Julia A. Ames (October 14, 1861 - December 12, 1891) was an American journalist, editor and a temperance reformer. She served as an associate editor of the Woman's Temperance Publishing Association's Union Signal. Ames died in 1891 at the age of 30. The year after her death, the journalist and spiritualist W. T. Stead published automatic writing which was said to have been sent by Ames to her friend. Stead also created "Julie's Bureau" to allow others to communicate with the dead.

==Early years and education==
Julia A. (nickname, "Yolande") Ames was born near Odell, Illinois, 14 October 1861. She was the daughter of Isaac Ames (1824-1894), a well-known, wealthy citizen of Streator, Illinois, and Aurelia Ann Mooar Ames (1823-1898). Her siblings were John C. Ames, Fannie Ophelia Ames, and Elmer Elsworth Ames.

Ames was reportedly a small and delicate child, but as she grew older, her health became vigorous.
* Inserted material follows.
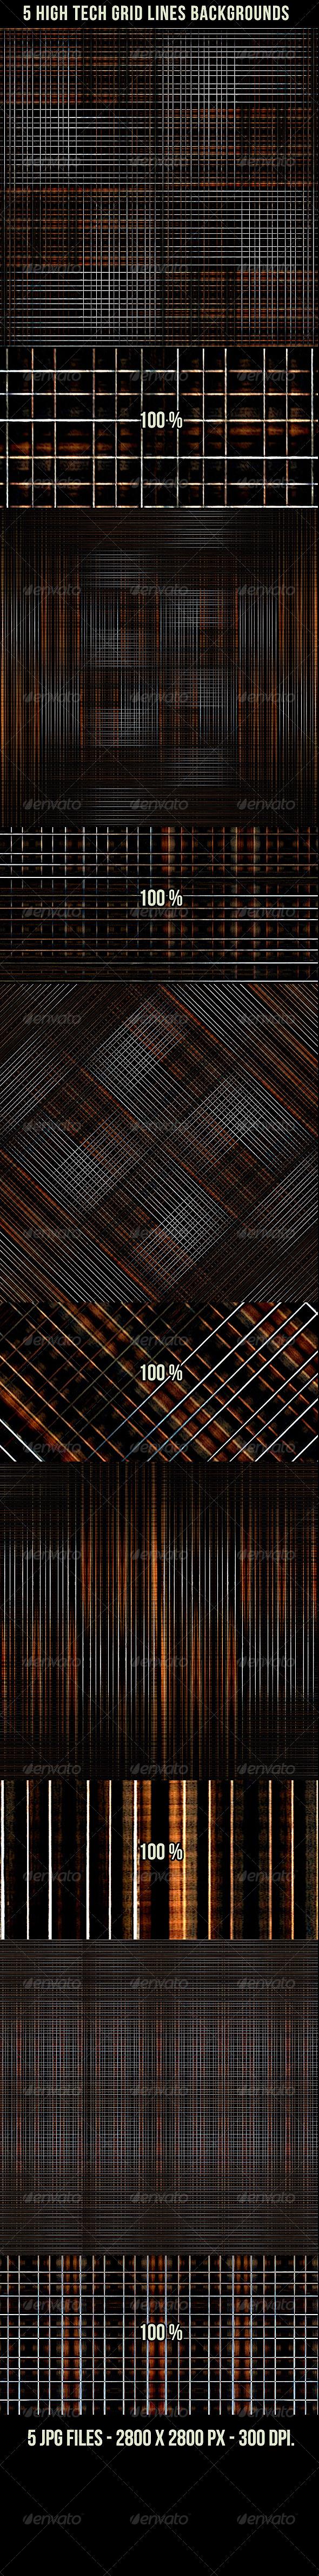 5 High Tech Grid Lines Backgrounds - Tech / Futuristic Backgrounds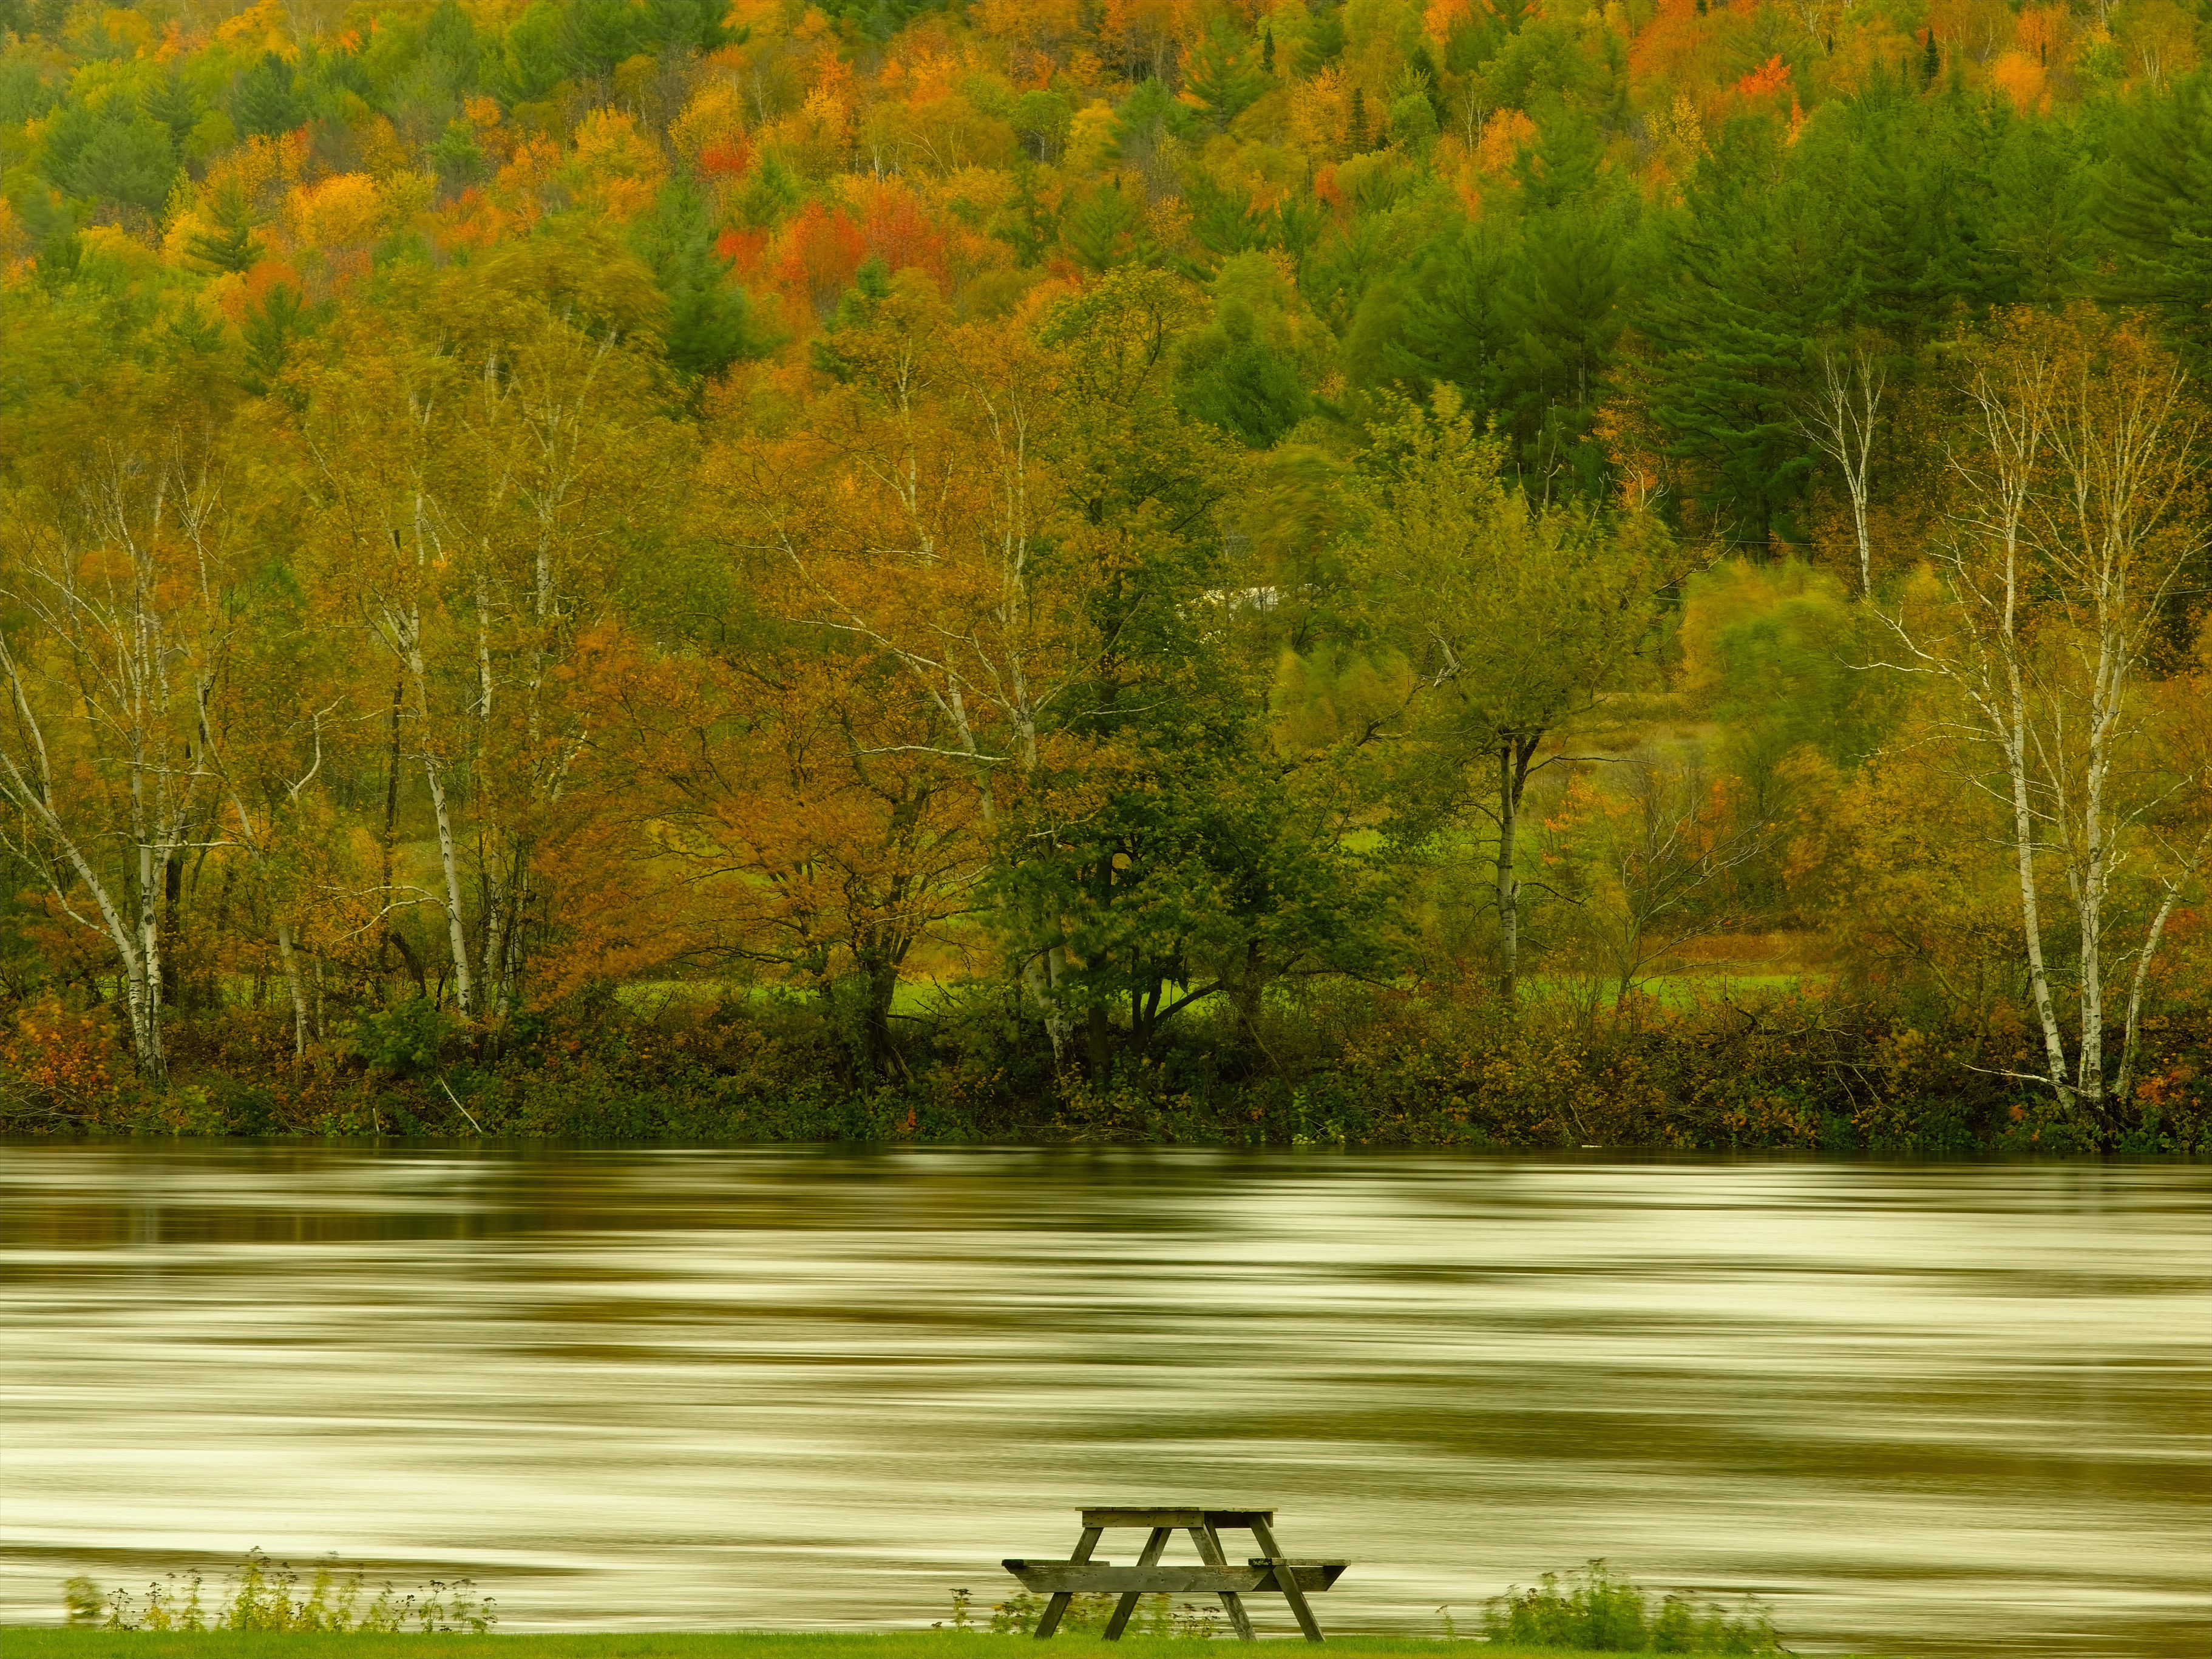 USA, Maine, Rangeley Lake, autumn

Ames began attending school at the age of three, as it was lonely for her to be left at home when the older children left. She attended every day that summer and learned to read. The schoolhouse was one of the first to be built in that part of the country. Her father helped to construct it and taught the first school lesson ever, becoming the headmaster later in his life. The name of the Ames schoolhouse stayed with it and made it a sort of monument to the first schoolmaster, who was, like his youngest daughter, a devoted lover of learning. Ames' brother Elmer, who was two years her junior, was her close companion and playmate. As they grew up, they lost none of their devotion to each other. Her elder and only sister accompanied Ames on Sunday mornings along with their grandfather to the little schoolhouse where religious services were held, in which they always participated.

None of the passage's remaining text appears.